In this dazzling canvas of his, marvelous in its color registers, in its composition, in the visual ductus it invokes and guides, we find a canticle! It is a canticle of faith, with an extended, vibrant, solemn melody; its protagonists are the blazing golds and silvers of the sacred liturgy that await the Priest and the Altar. Such is the profound reason: waiting! Nothing is more intimate and heartfelt, more dense with emotion than a great, imminent, divine event that is about to happen. Well did the suspended spirits of the Byzantines know this when in their mosaics to touch the tuning fork of awareness and prostration they composed the etimasies. The glittering empty throne awaits the Holy Person, the sovereign eternal God; the lonely altar, rich with its candelabra and vessels, awaits the priestly hands for the Holy Sacrifice; the choir of Apostles with uplifted arms awaits the Christ of the Parousia. These were their supernal etimasies!

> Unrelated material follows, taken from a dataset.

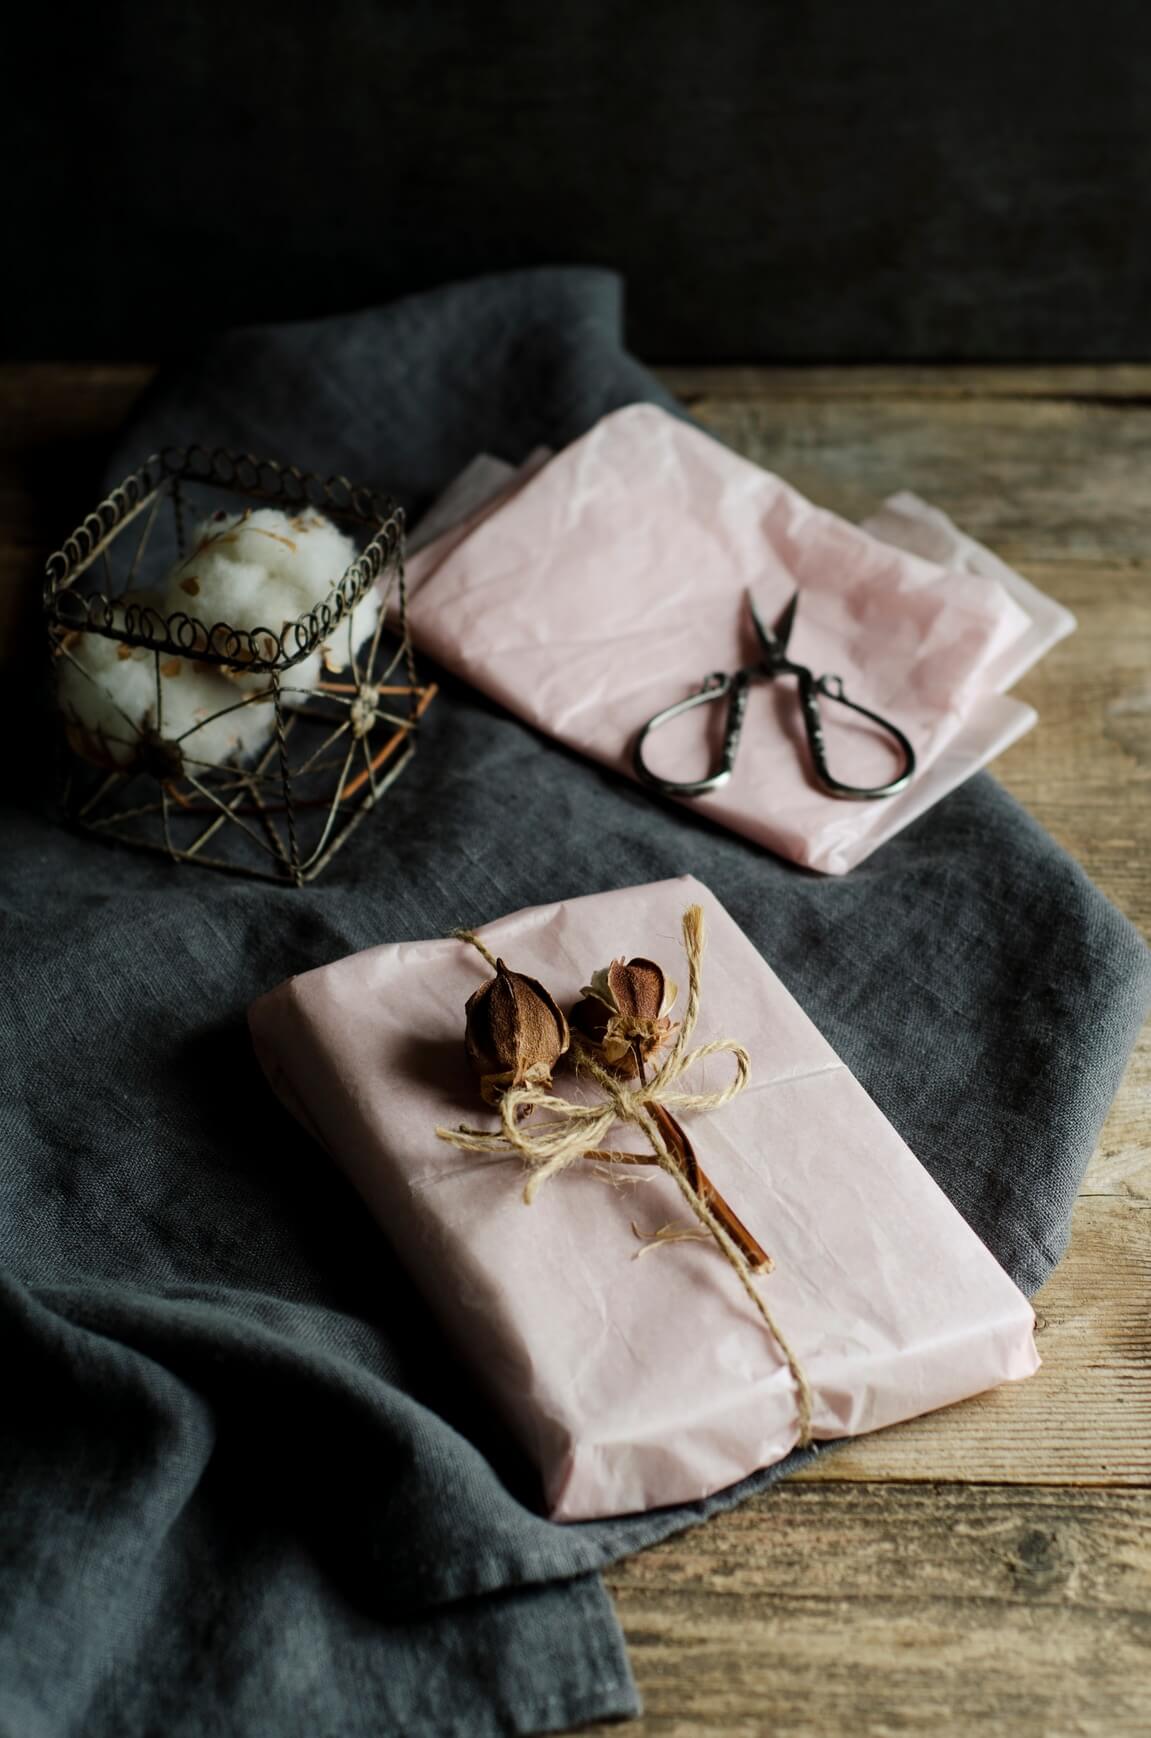 Gifts bought and wrapped with intention, wrapped with a natural paper and dried flower bouquet; caught just after finishing up, the image suggests intention in the holiday season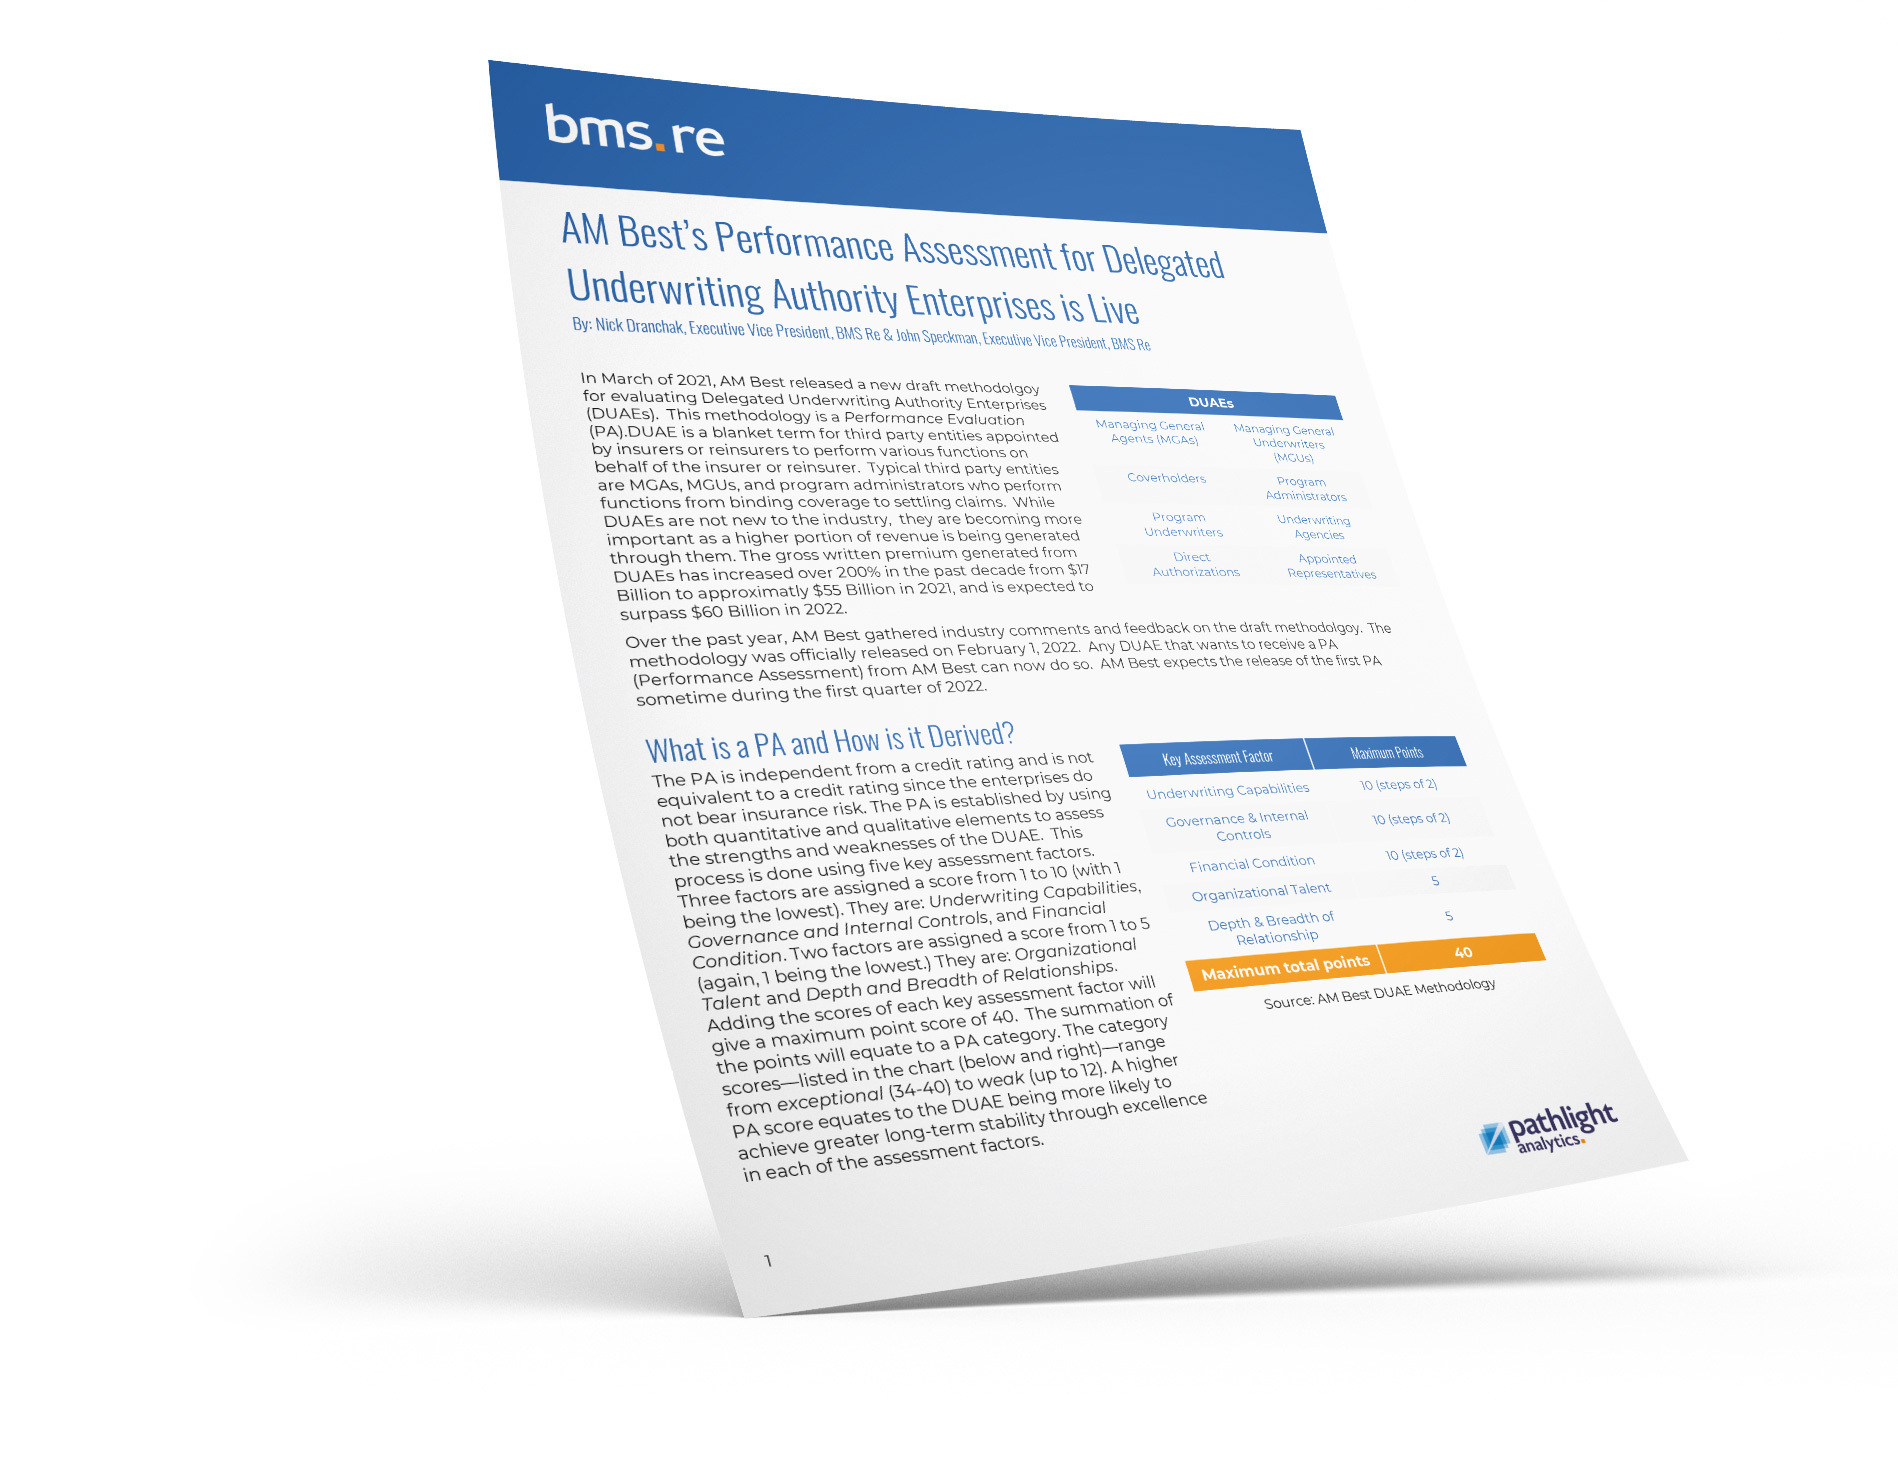 AM Best’s Performance Assessment for Delegated Underwriting Authority Enterprises is Live

Paul Anthony Barbieri in his life of faith certainly meditated on the inexpressible intensity of the sacred preparations: Of the Book and the Stole, of the ampullae for Purification and Consecration, of the chalices and pyxes, of the thurible and incense, of the Crosier and Mitre, and then of the altar cloths and episcopal infulas; in them the gestures, the prayerful songs, the invocations and blessings of the Holy Catholic Liturgy are already gathered in imminence. And he, a tacit and prodigiously immersed figurator, makes them appear in virtual substance and paints them with a luminous, fascinating acrimony, unfailing to contemplation, and totally satisfying in the intimacy of the soul.
Yes, indeed here appear the glories of holy things, and here - then - siste gradum viator!